Zimbra Zero-Day Demands Urgent Manual Update

Teams running the Zimbra Collaboration Suite version 8.8.15 are urged to apply a manual fix against a recently discovered zero-day vulnerability that’s being actively exploited in the wild.

The Zimbra cloud suite offers email, calendar functions, and other enterprise collaboration tools. The vulnerability compromises the security of data on Zimbra servers, the company said in its security advisory.

“A security vulnerability in Zimbra Collaboration Suite Version 8.8.15 that could potentially impact the confidentiality and integrity of your data has surfaced,” the company said. “We take this matter very seriously and have already taken immediate action to address the issue.”

The reflected cross-site scripting (XSS) vulnerability was discovered by Google Threat Analysis Group (TAG) researcher Clément Lecigne.
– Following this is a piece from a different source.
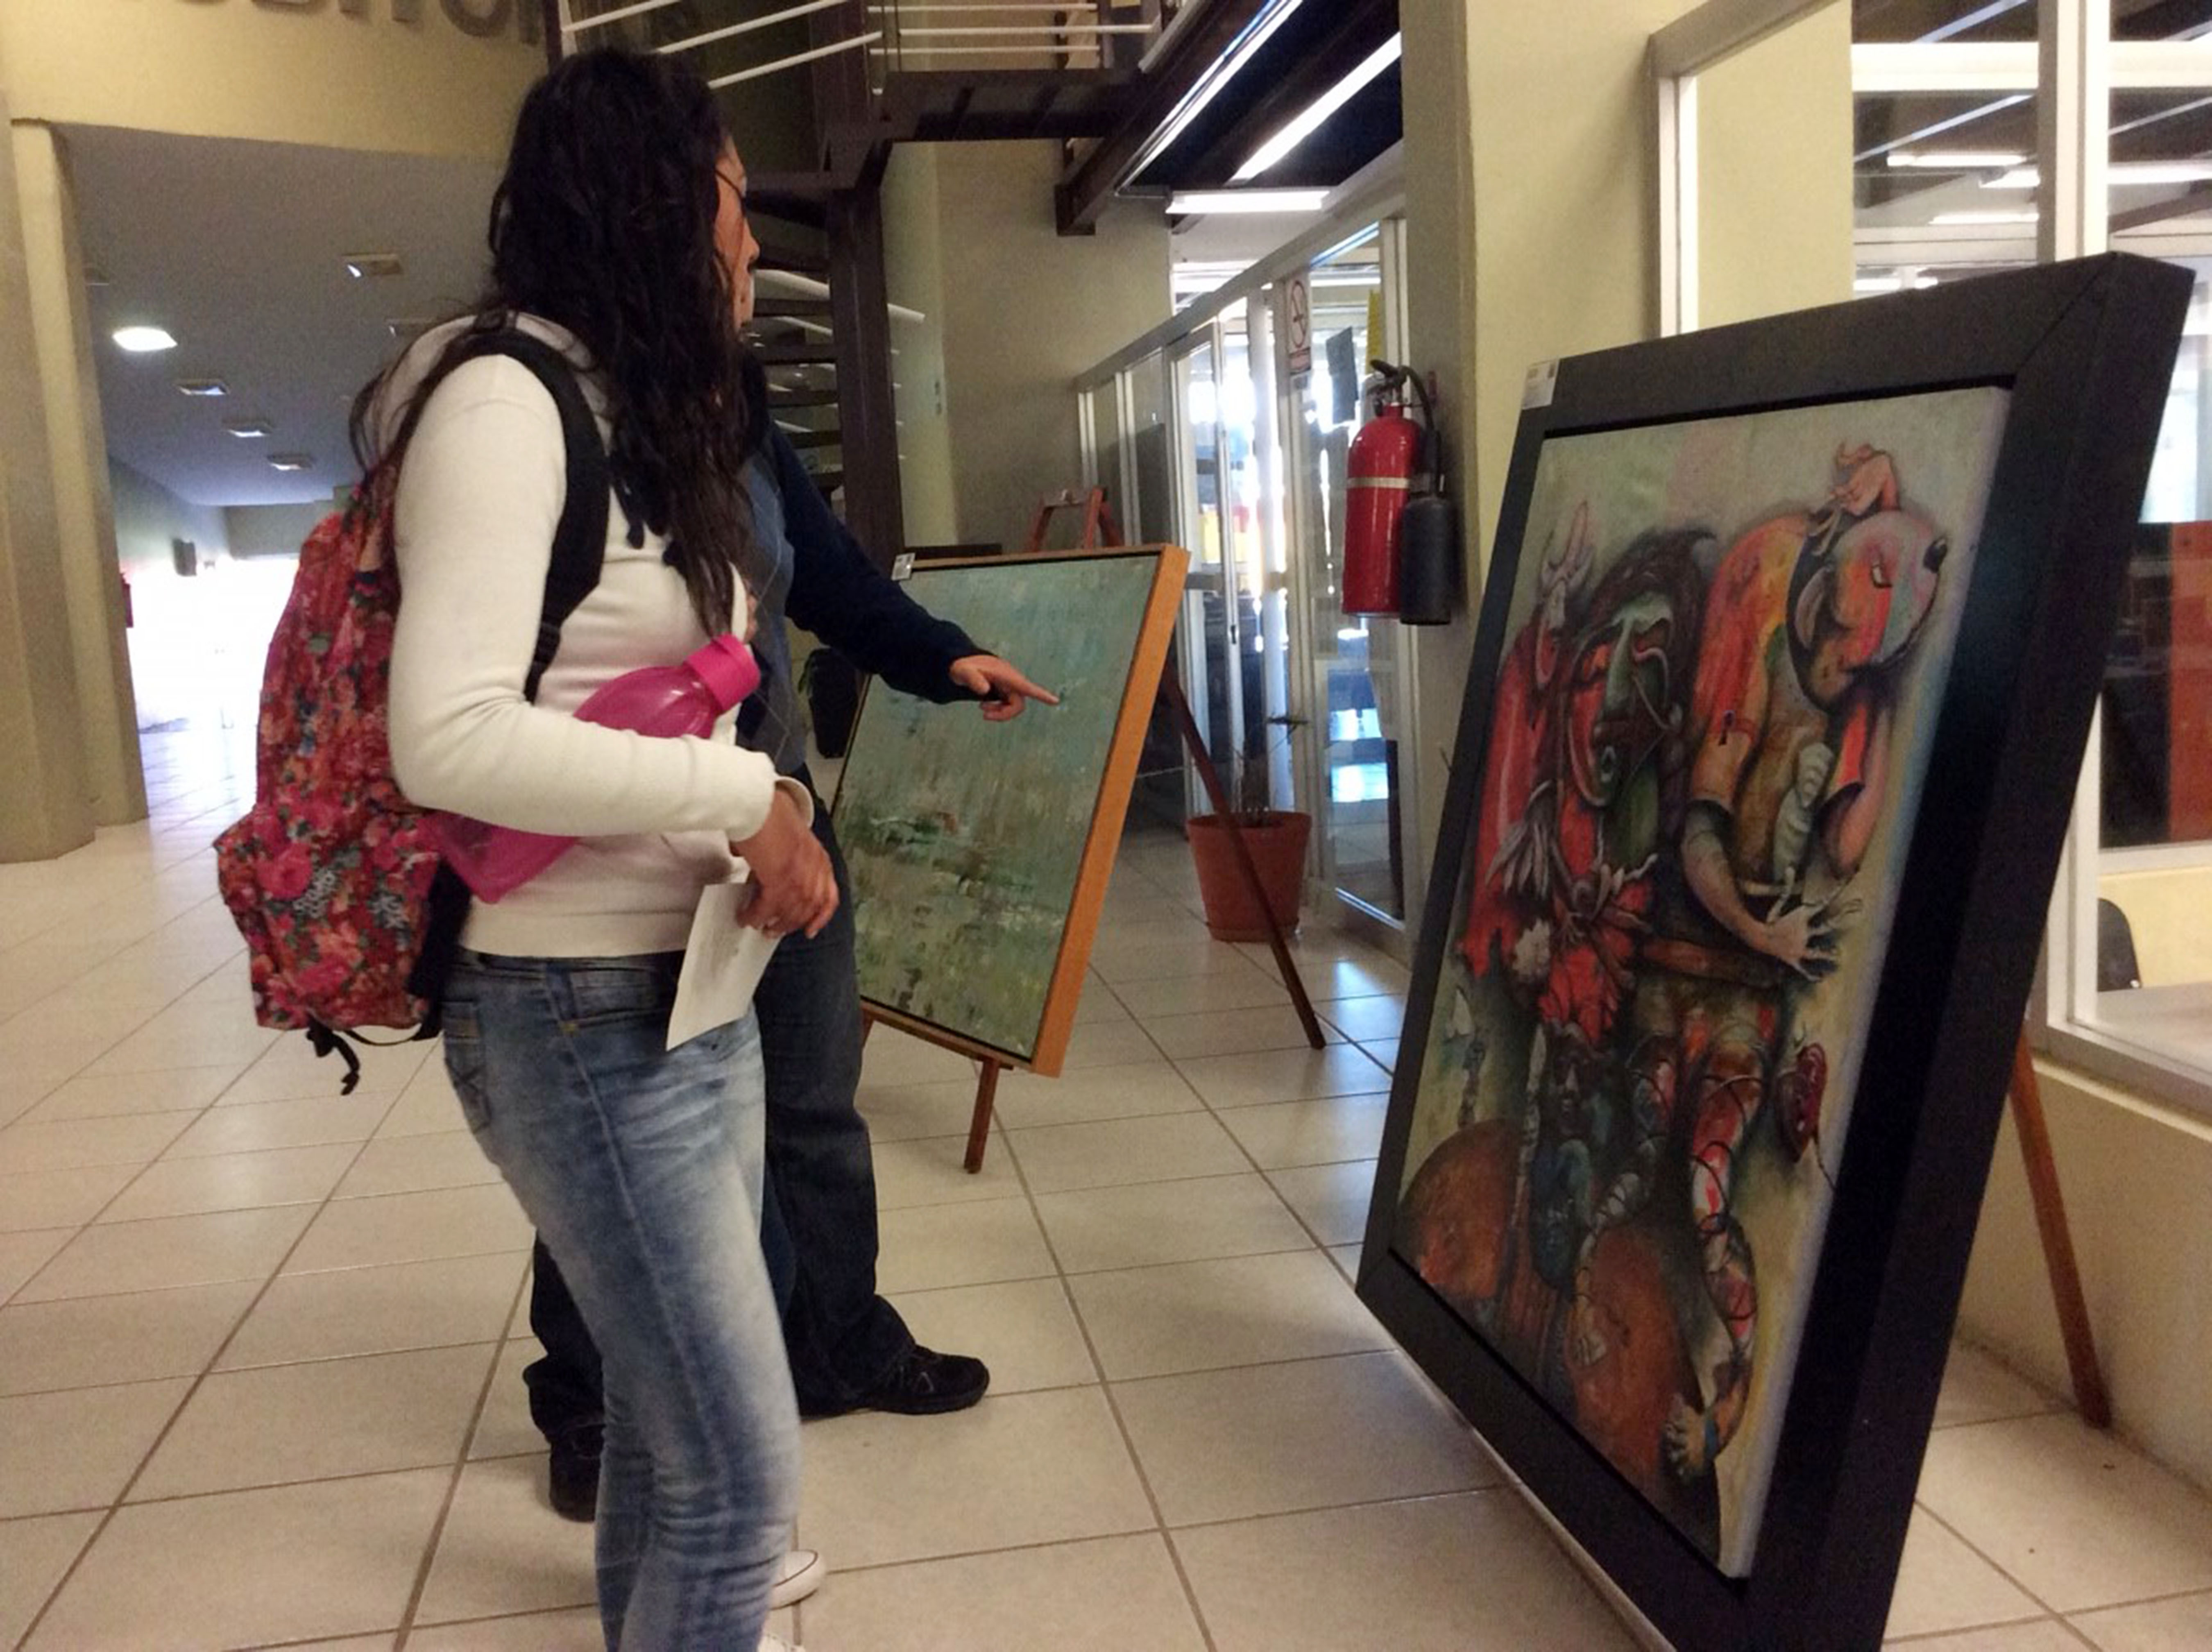 Jovenes admirando pintura abstracta

Fellow TAG researcher Maddie Stone confirmed the Zimbra zero-day is being targeted in the wild in a July 13 tweet. 

No Automatic Patch Yet

Although Zimbra has a fix, it won’t roll out automatically until its scheduled July update, which is why the company is asking customers to manually apply a fix to all mailbox nodes.
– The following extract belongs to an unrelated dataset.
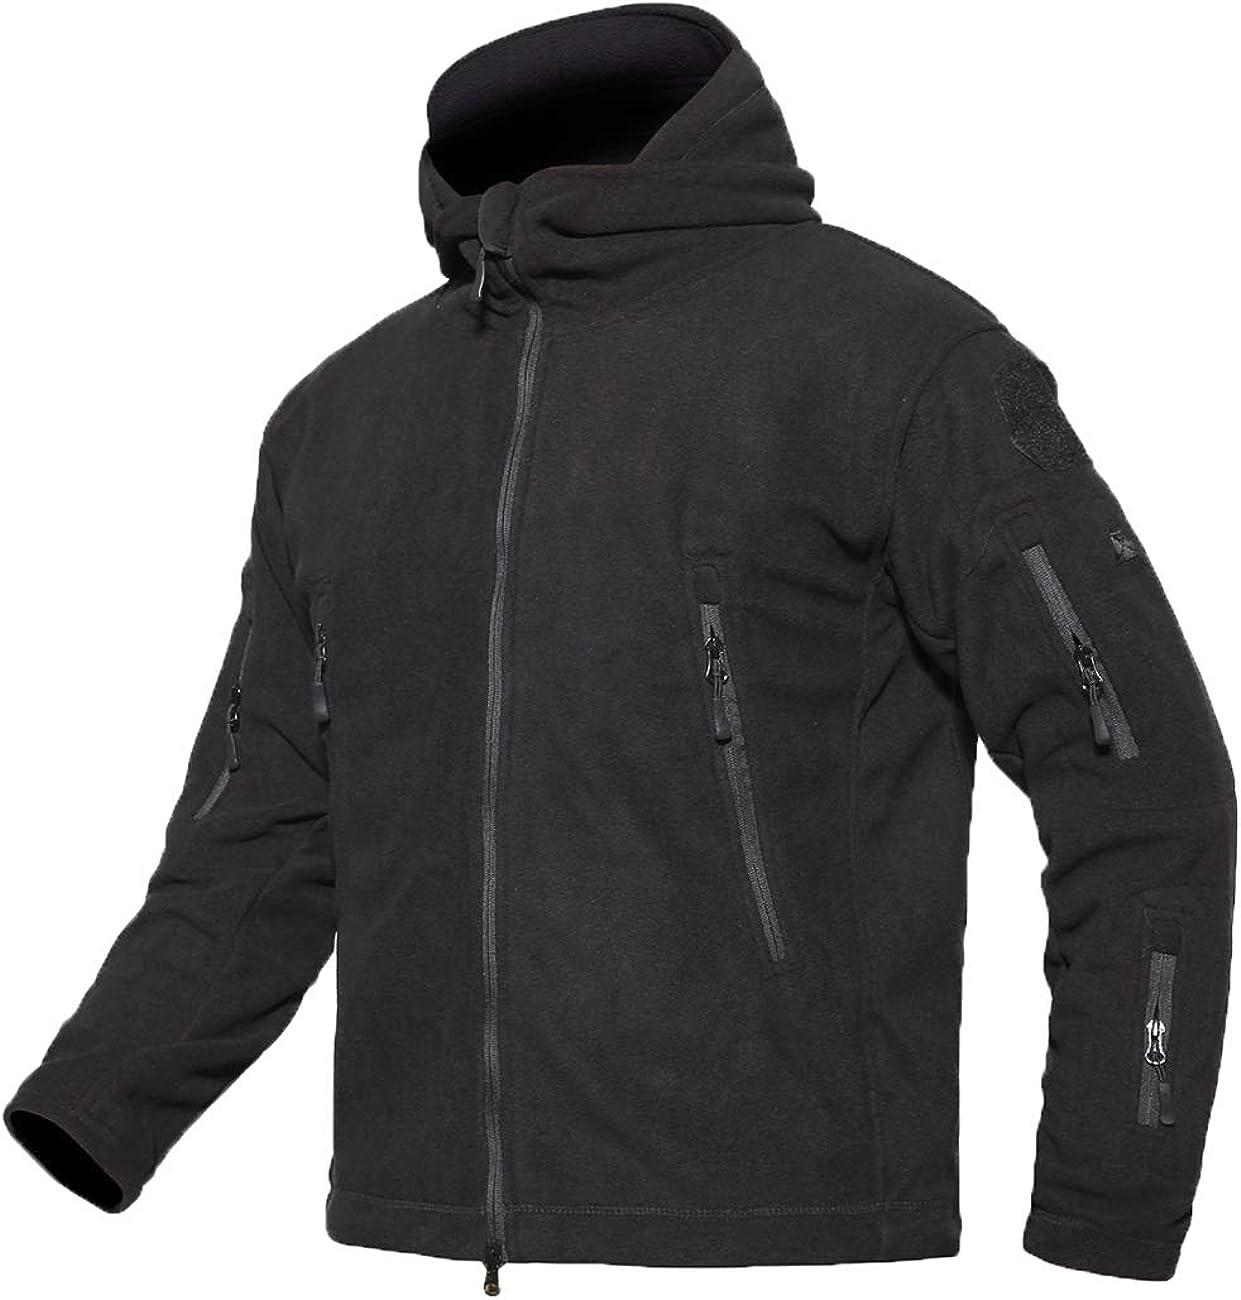 YFNT Men's Warm Military Tactical Fleece Hooded Jacket (X-Large, Black)

The company urges its users take the following steps:

1. Take a backup of the file /opt/zimbra/jetty/webapps/zimbra/m/momoveto
2. Edit this file and go to line number 40
3. Update the parameter value as below
   <input name=”st” type=”hidden” value=”${fn:escapeXml(param.st)}”/>
4. Before the update, the line appeared as below
   <input name=”st” type=”hidden” value=”${param.st}”/>
5. After the update, the line should appear as below:
   <input name=”st” type=”hidden” value=”${fn:escapeXml(param.st)}”/>

Zimbra added in its security advisory that a service restart is not required. 
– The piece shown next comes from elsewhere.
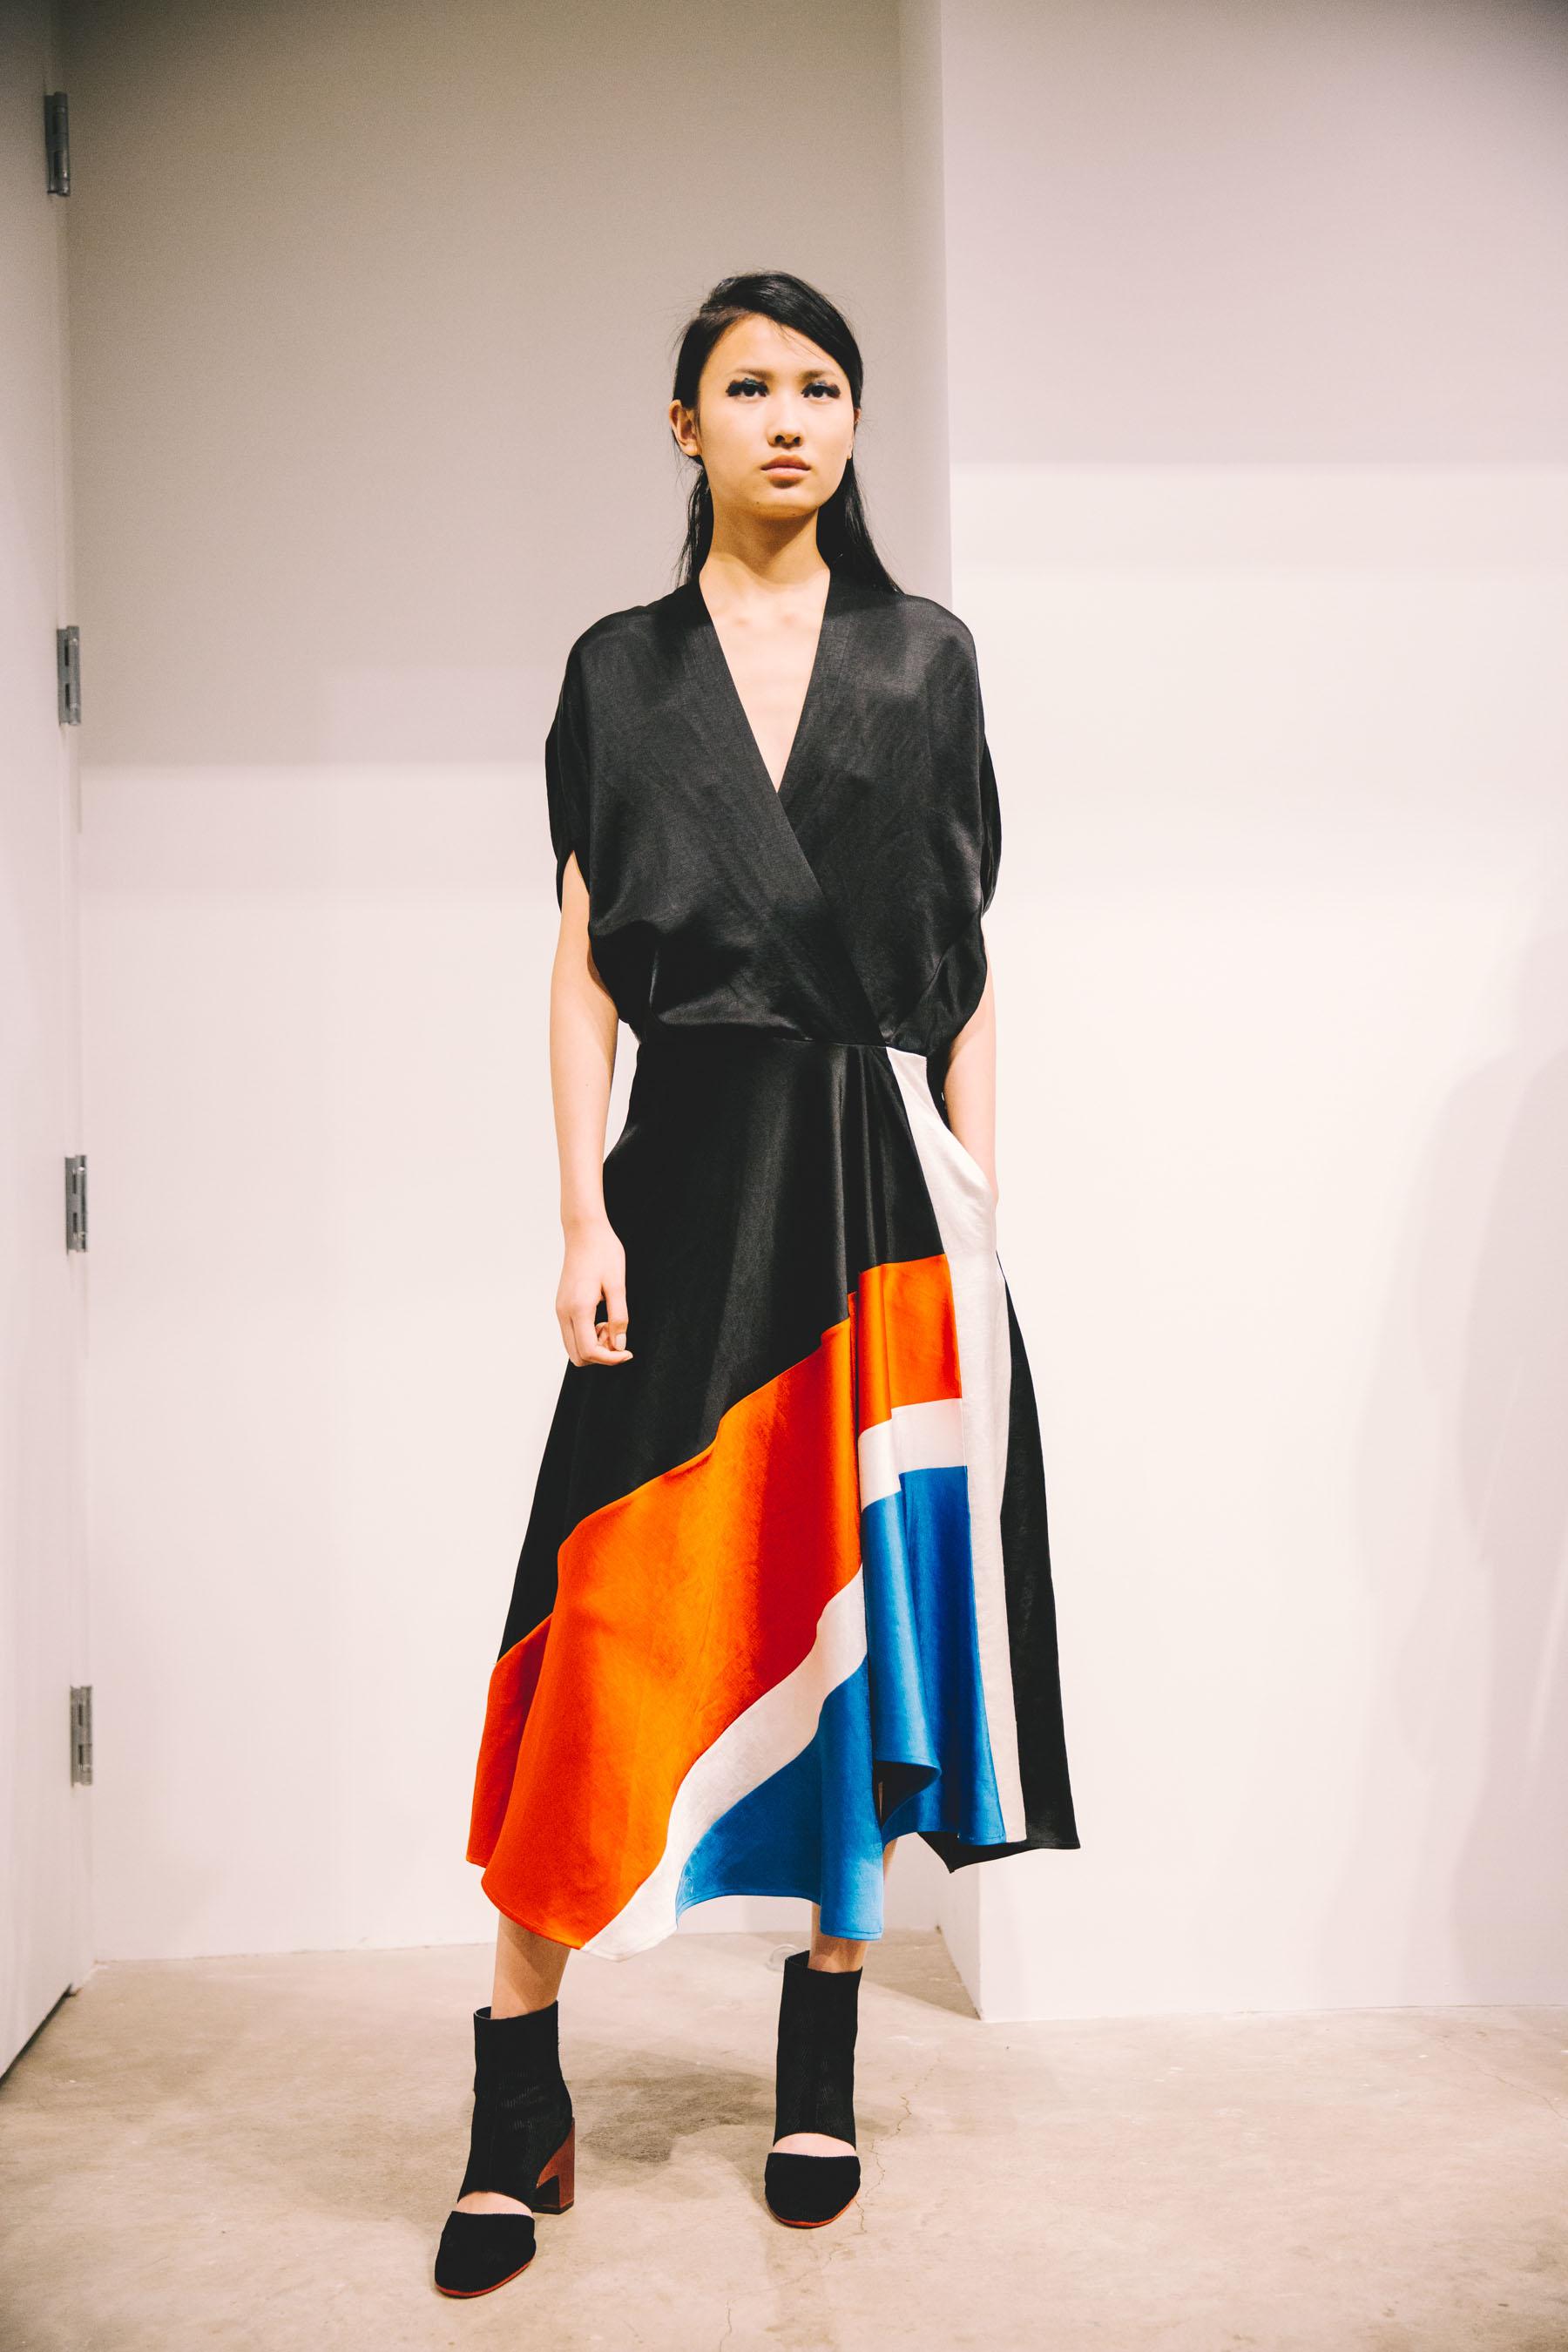 NYFW DAY 5 - Zero + Maria Cornejo Fall 2018 Collection // Notjessfashion.com

Zimbra: A Popular Cybercriminal Target

The risk for not patching is real: Zimbra products are popular among advanced persistent threat (APT) and other cyber-threat groups. Earlier this year, the North Korean government was discovered using a Zimbra zero-day vulnerability to spy on a collection of medical and energy sector organizations. Months earlier, in late 2022, threat actors were discovered actively exploiting a a remote code execution vulnerability in Zimbra email servers.

Last November, the Cybersecurity and Infrastructure Security Agency (CISA) issued a blanket warning that if enterprises were running Zimbra collaboration suites, they should assume they have been compromised.